The average credit card interest rate is now 20%. The pandemic monies handed directly to consumers and the monies that consumers didn't have to pay created a historic trough in delinquencies, but this trend has largely ended. The number of borrowers who transitioned into 90-day or over delinquencies rose from historic lows for younger borrowers, but remain below pre-pandemic levels for older borrowers. The % of consumers with third-party collections fell to 5.2%, the lowest on record.
Newsletter: Exorbitant Privilege
Title: Payment Due.
Link: https://exorbitantprivilege.substack.com/p/payment-due
Here are the key highlights:
The Federal Reserve's Quantitative Easing program has resulted in substantial losses that will have long-lasting effects. Though some have argued for reducing payments on reserves and reverse repurchase facility, such a measure would be difficult to sustain because it would risk short-term interest rates dropping below the Fed's target level. The best course of action is to tackle inflation as soon as possible in order to reduce the period of QE losses.
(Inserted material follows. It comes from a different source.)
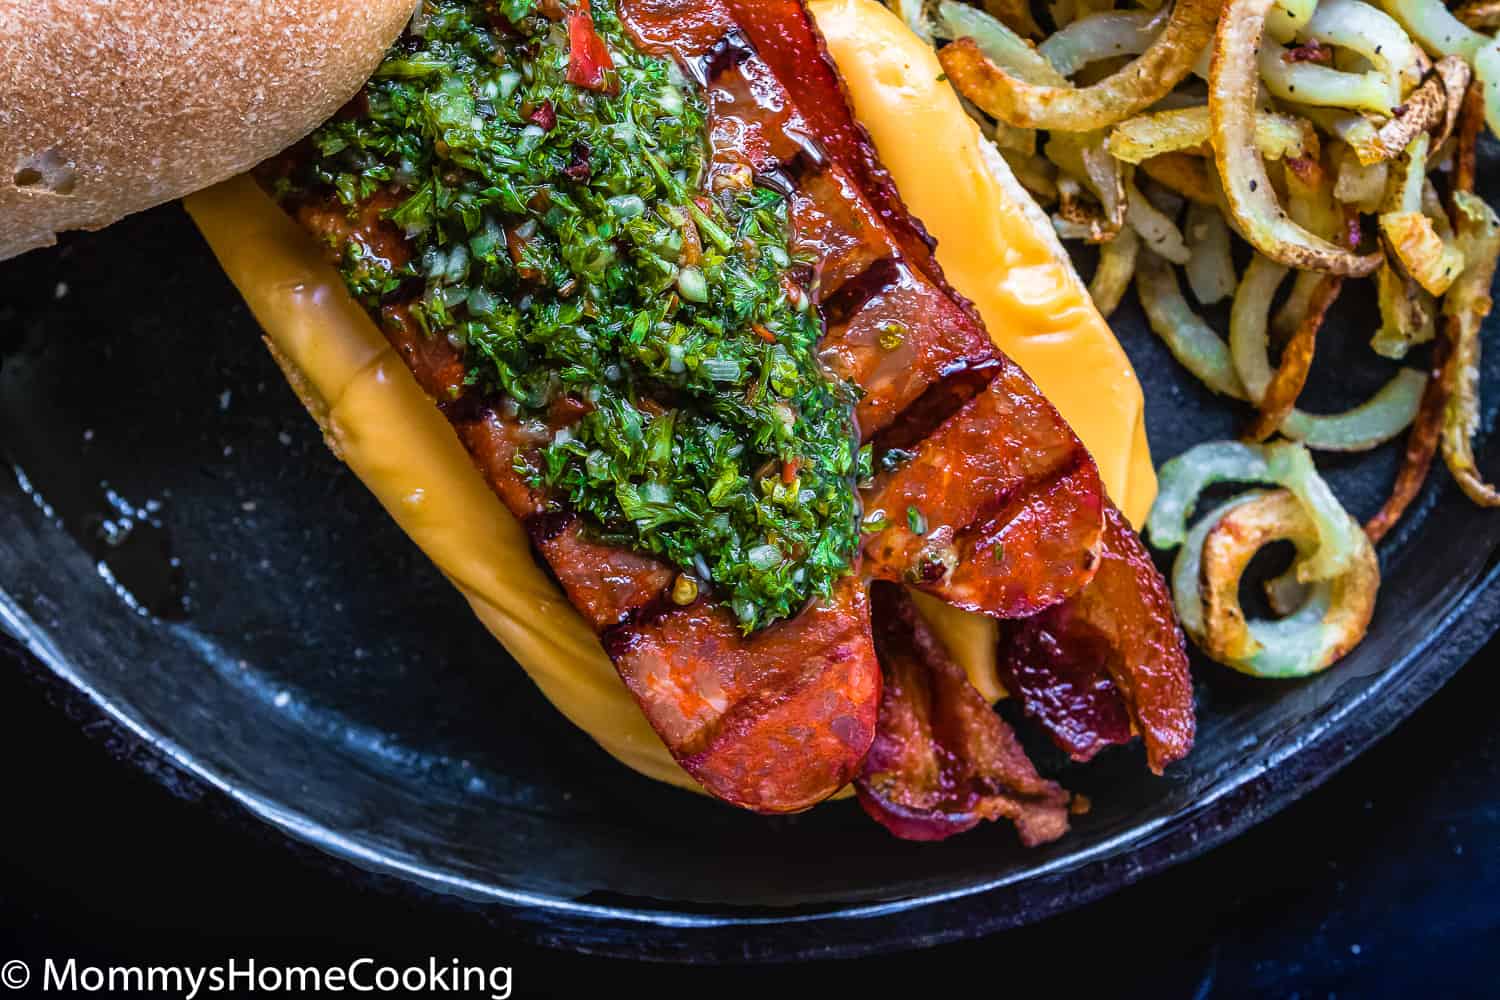 A hot dog with chimichurri sauce.

The Federal Reserve's Quantitative Easing (QE) program was designed to provide economic stimulus in times of financial crisis. However, it has come at a high cost that will only get worse over time. The policy shifted overall government debt portfolio (government plus central bank) from long-duration to short-duration funding, which removed duration risk from the non-government sector but added duration risk to the (consolidated) governments balance sheet.
This means that the Federal government is going to miss out on hundreds of billions of dollars in profit transfers from the Fed for many years. Though some have suggested reducing or removing the payment of interest on excess reserves and reverse repurchase facility, this would be a difficult argument to sustain. Such a measure could cause short term interest rates to drop below the Fed's target level, thus undermining their policy goal of addressing inflation.
The best course of action is to address inflation as soon as possible in order to shorten the period of QE losses. This means that the Fed needs to take away its own punch bowl and make sure that inflation does not become out of control. Though this may be a difficult task, it is necessary in order to avoid more significant losses in the future due to QE.